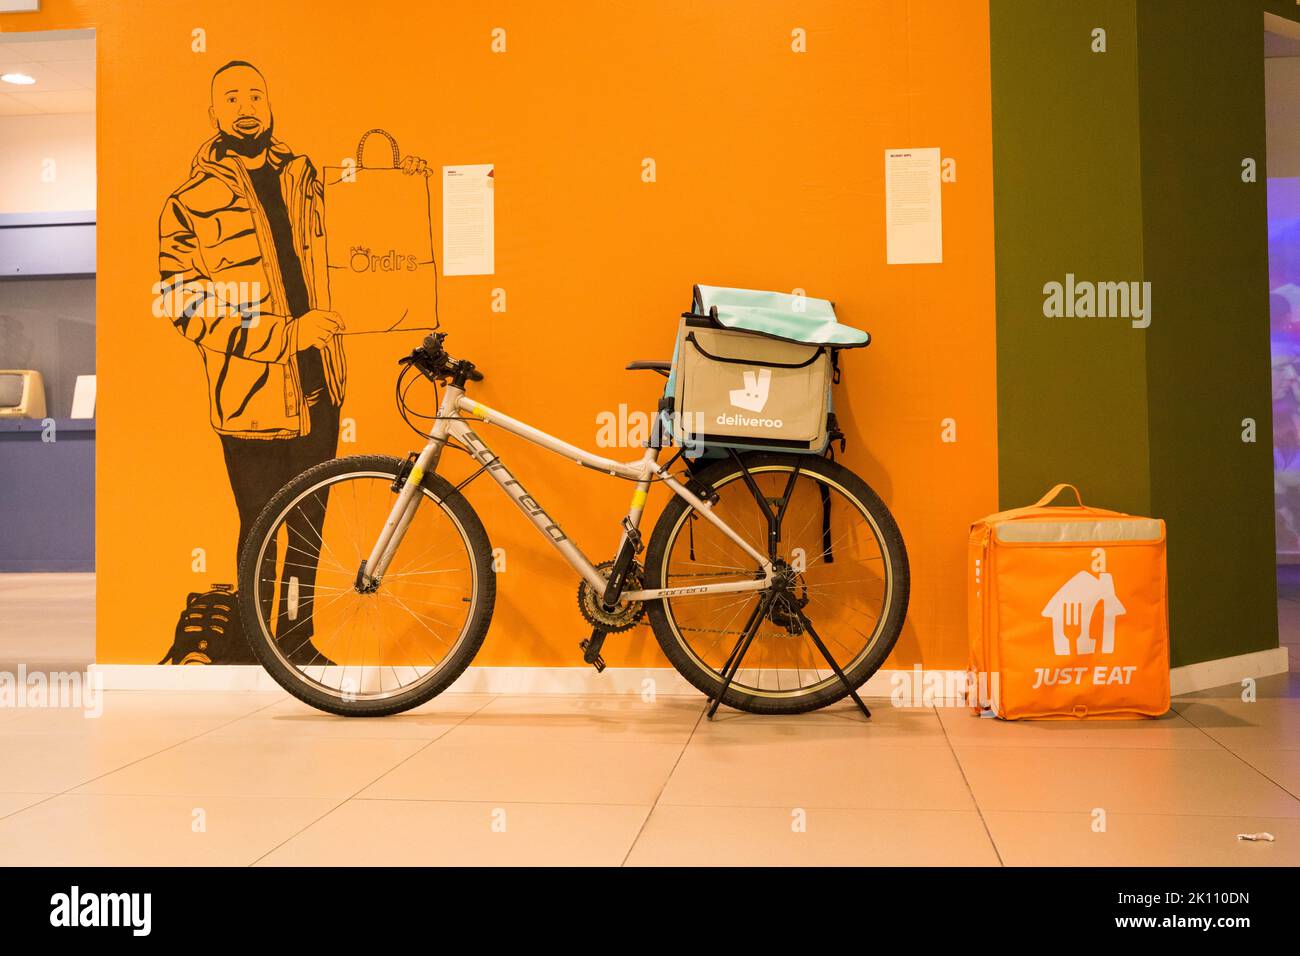 Deliveroo back bag fixed to a delivery bicycle at migration museum in Lewisham Stock Photo
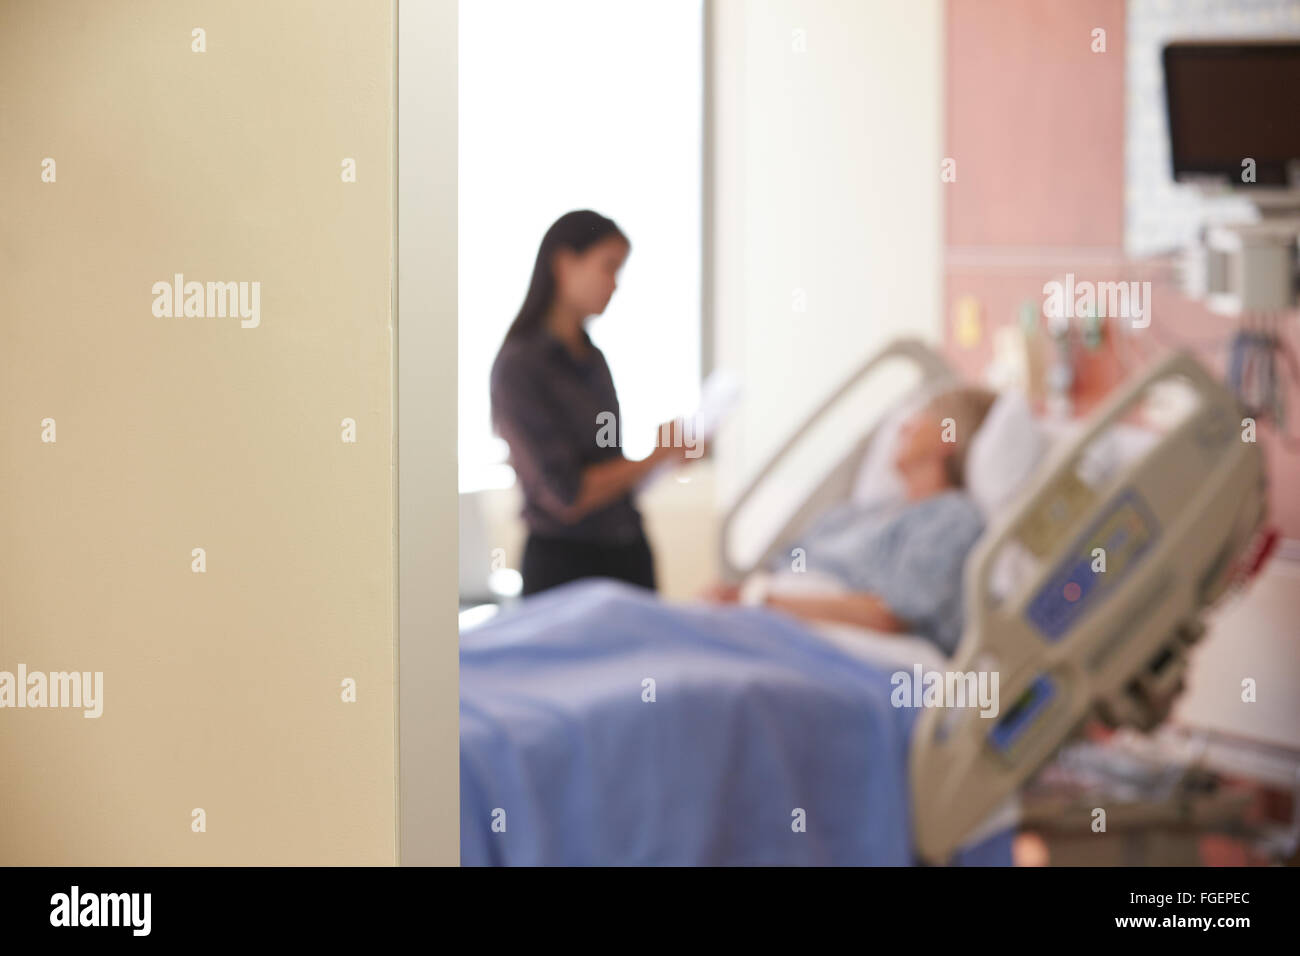 Focus On Hospital Room Sign With Doctor Talking To Patient Stock Photo
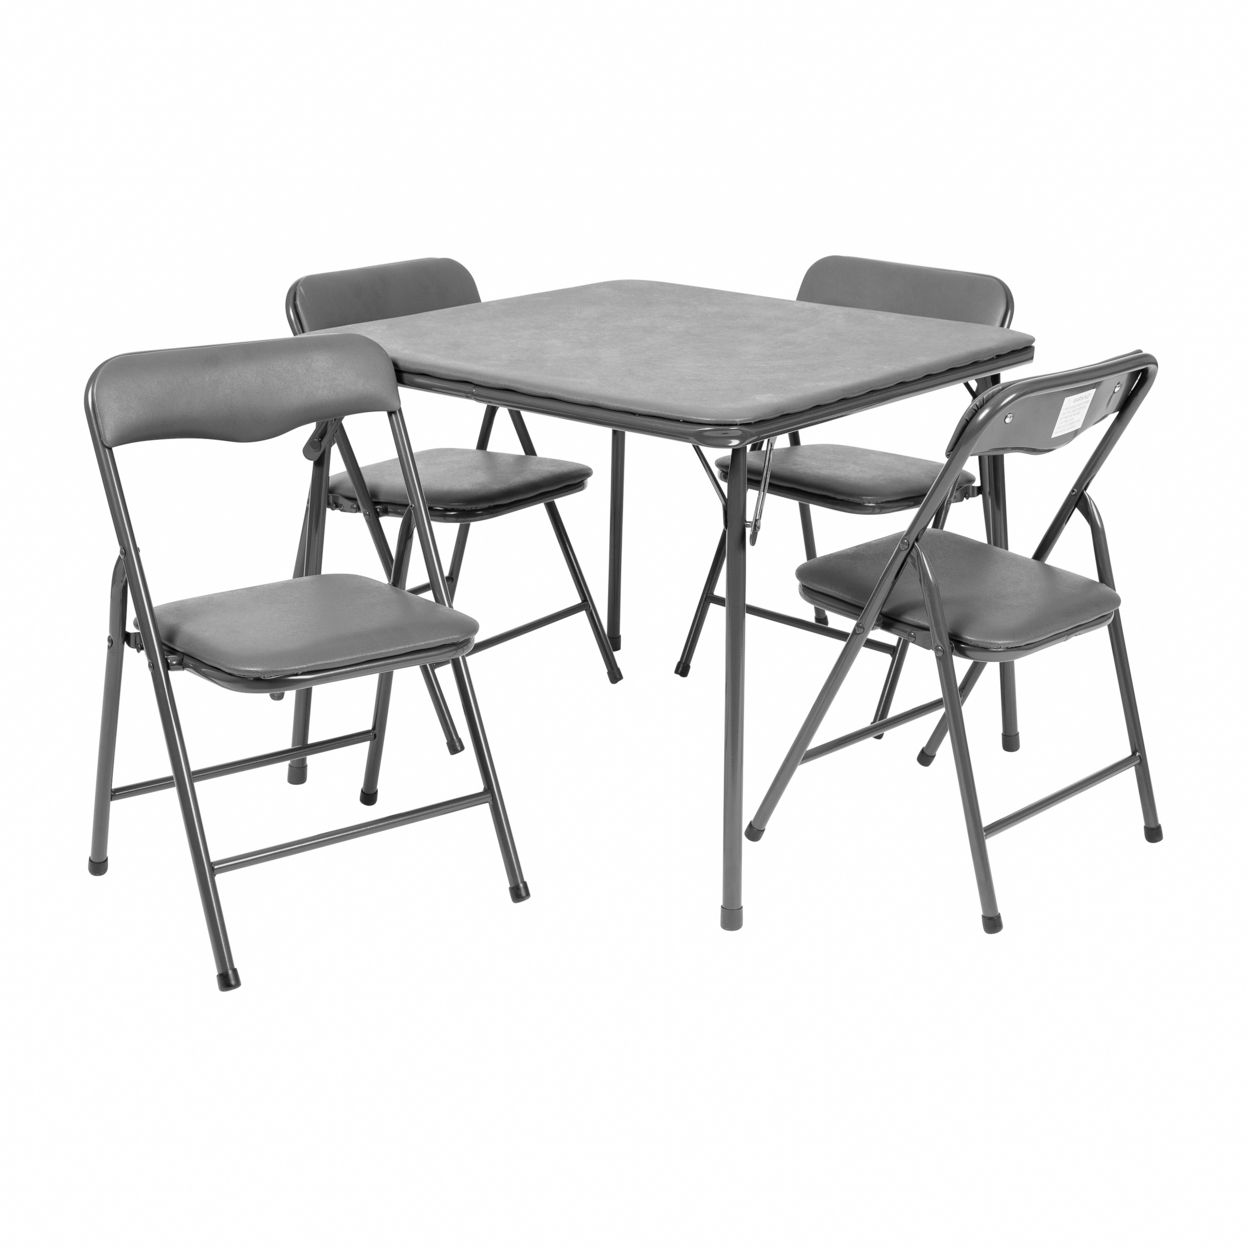 Kids Gray 5 Piece Folding Table And Chair Set
────
Once the pictures are set aside, give the listing again word for word.

 Deliveroo back bag fixed to a delivery bicycle at migration museum in Lewisham Stock Photo
 Focus On Hospital Room Sign With Doctor Talking To Patient Stock Photo
 Kids Gray 5 Piece Folding Table And Chair Set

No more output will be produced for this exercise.